The COVID-19 pandemic has reached a scale that total eradication is unlikely. Recurrence of outbreaks in future is possible. Our ultimate hope would be on effective vaccines for prevention and effective medications for treatment. China and the United States have already started Phase 1 studies respectively in early to mid-March 2020 for COVID-19 vaccines. We hope the vaccines can become available sooner instead of later. As for treatments, Remdesivir, originally designated for treating Ebola, chloroquine, hydroxychloroquine, and some other currently available drugs are being tried to treat COVID-19. Although good results have been claimed in anecdotal case reports, we need robust data including randomized controlled trials to assess the safety and efficacy of the above-mentioned drugs before widespread use can be considered.
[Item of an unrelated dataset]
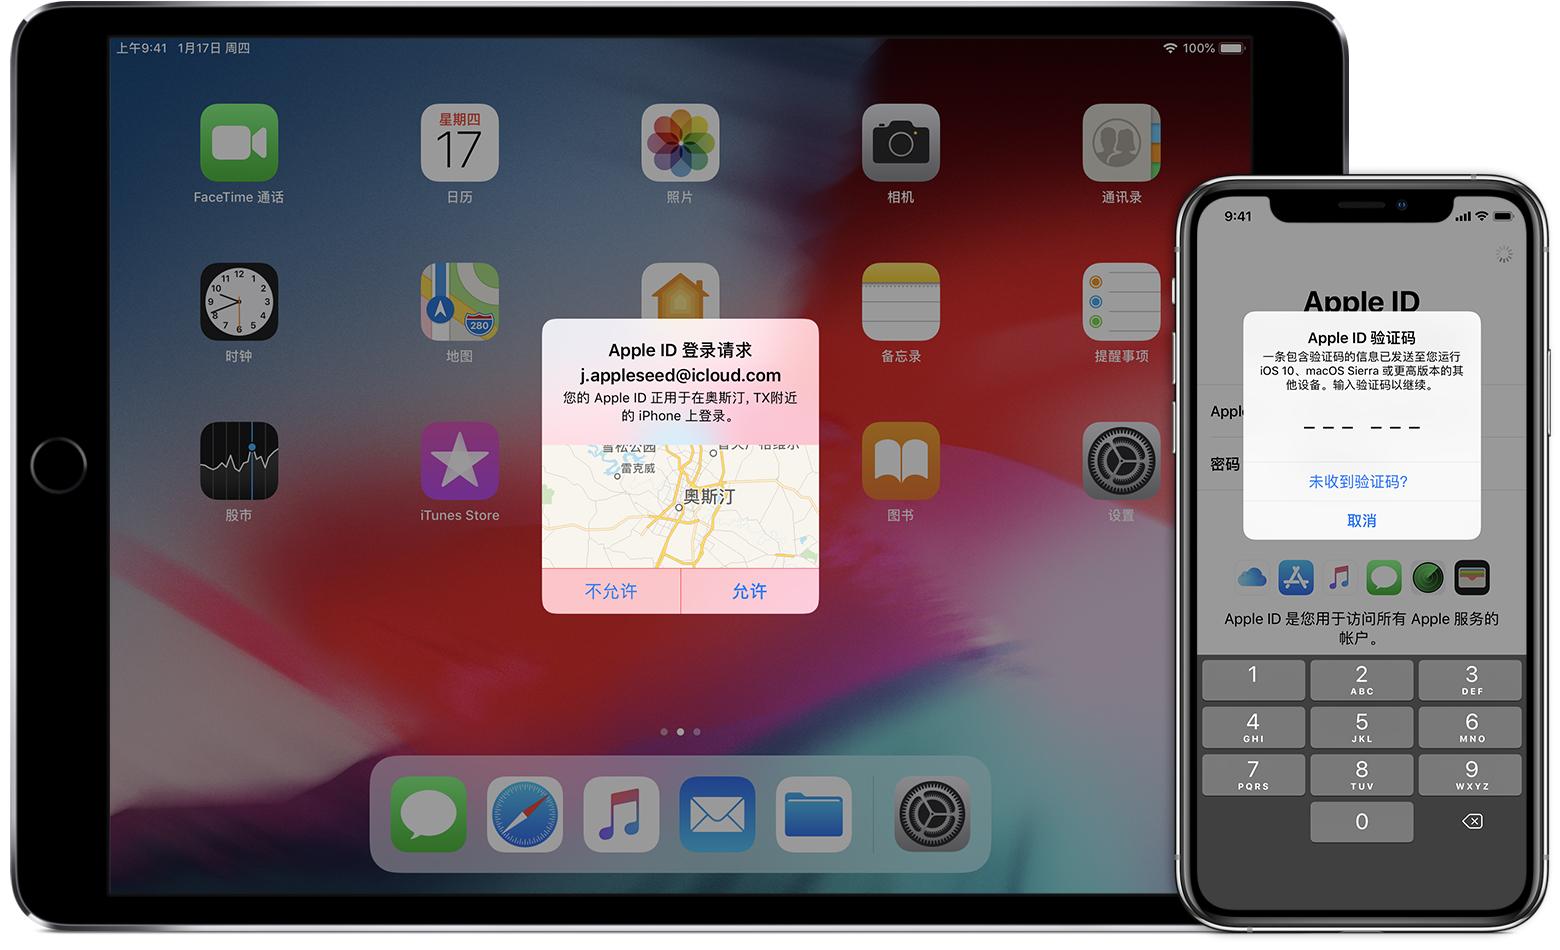 苹果遭用户起诉:双重认证无法关闭侵犯隐私

Before vaccines and/or definitive treatments are available, policy makers and health care providers should try their very best to delay the onset or progression of the outbreaks, as no medical systems would be able to withstand the sudden explosion of demand, especially in intensive care for the critically ill patients.


1. Wu JT, Leung K, Leung GM. Nowcasting and forecasting the potential domestic and international spread of the 2019-nCoV outbreak originating in Wuhan, China: a modelling study. Lancet 2020; 395:689–697.
2. Zhao S, Lin Q, Ran J, et al. Preliminary estimation of the basic reproduction number of novel coronavirus (2019-nCoV) in China, from 2019 to 2020: a data-driven analysis in the early phase of the outbreak. Int J Infect Dis 2020; 92:214–217.
3. Sanche S, Lin YT, Xu C, Romero-Severson E, Hengartner N, Ke R. The Novel Coronavirus, 2019-nCoV, is highly contagious and more infectious than initially estimated. 2020 (Preprint from medRxiv); doi:
4. Lam DSC, Wong RLM, Lai KHW, et al. COVID-19: special precautions in ophthalmic practice and FAQs on personal protection and mask selection. Asia Pac J Ophthalmol (Phila) 2020; 9:67–77.
5. Lai THT, Tang EWH, Chau SKY, Fung KSC, Li KKW. Stepping up infection control measures in ophthalmology during the novel coronavirus outbreak: an experience from Hong Kong. Graefes Arch Clin Exp Ophthalmol. 2020; doi: 10.1007/s00417-020-04641-8.